JFK Sings on the Moon

Studio 360 | Apr 28, 2016

Historians and conspiracy theorists have obsessed over every scrap of evidence from the day John F. Kennedy was assassinated. But we don’t usually pay attention to what the president was doing the night before he died. The president and first lady spent that night at a hotel in Fort Worth, the twin city of Dallas.

Recently, the Fort Worth Opera decided to commission a new opera to tell the story of JFK’s final night. They turned to two up-and-coming stars of contemporary opera, the composer David T. Little and librettist Royce Vavrek. Little and Vavrek made their name with a kind of heavy-metal opera they wrote called “Dog Days,” set in a post-apocalyptic America.

Neither of them was alive when Kennedy was killed. And Vavrek is Canadian, so all this was relatively new to him. But for Little, the composer, the mythology was vivid. “I grew up in a family of Irish Catholic Democrats, so JFK and the assassination was definitely something I grew up hearing about,” Little says.

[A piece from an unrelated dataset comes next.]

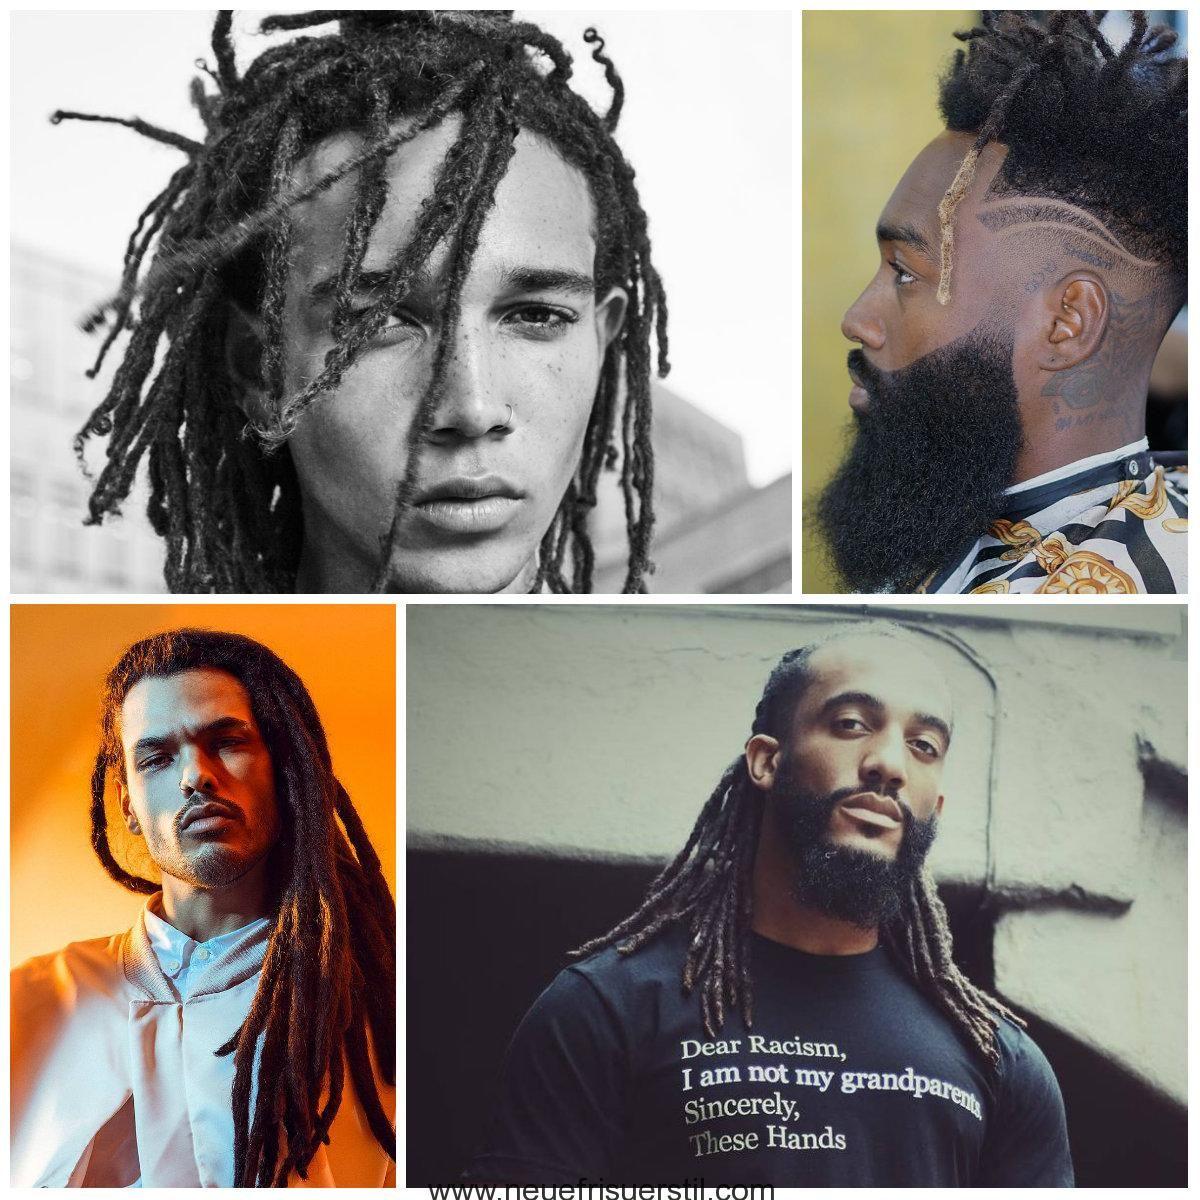 dreadlocks hairstyles for men in 2018

Their challenge for “JFK” was to write an opera about an ordinary night that Jack (played by Matthew Worth) and Jackie (Daniela Mack) spent in a hotel. “To a certain extent, we had a blank slate — we know they went to the hotel, and they went to their suite. We know some things about the suite itself, but beyond that, we don’t know anything until the next morning,” Little says. “So we had this gigantic empty space in the narrative that we had to fill.”

“The story was not apparent initially,” Vavrek says. “We came up with a treatment for the opera that was biographical, almost to a fault.” Then they arrived at an ingenious solution: telling the story of Jack and Jackie Kennedy’s lives through their dreams over the course of the night.

“We found that if we liberated the story from reality, it allowed us to go deeper into the truth of the story,” says Little. “The dreams teach us about JFK. They get beyond the sense of him as the president and they illuminate him as a man.”

For example, the dreams allowed them to explore the entire arc of the Kennedys’ relationship. “We get to see Jack and Jackie meet for the first time. That’s a very illuminating moment,” Little says. “I really wanted to show them as young people flirting.”

“So much of Jackie's character is shown surrounded in a pall of grief,” Vavrek says. “It really became important to find moments when we could imagine them really, truly happy.”

One thing the opera does not cover is the assassination itself. Instead, the opera hints at it through characters who represent the ancient Greek Fates. “We joke that we avoided the conspiracy theory about JFK’s assassination, except for the cosmic conspiracy theory,” Little says.

Recordings from “JFK” are courtesy of the Fort Worth Opera.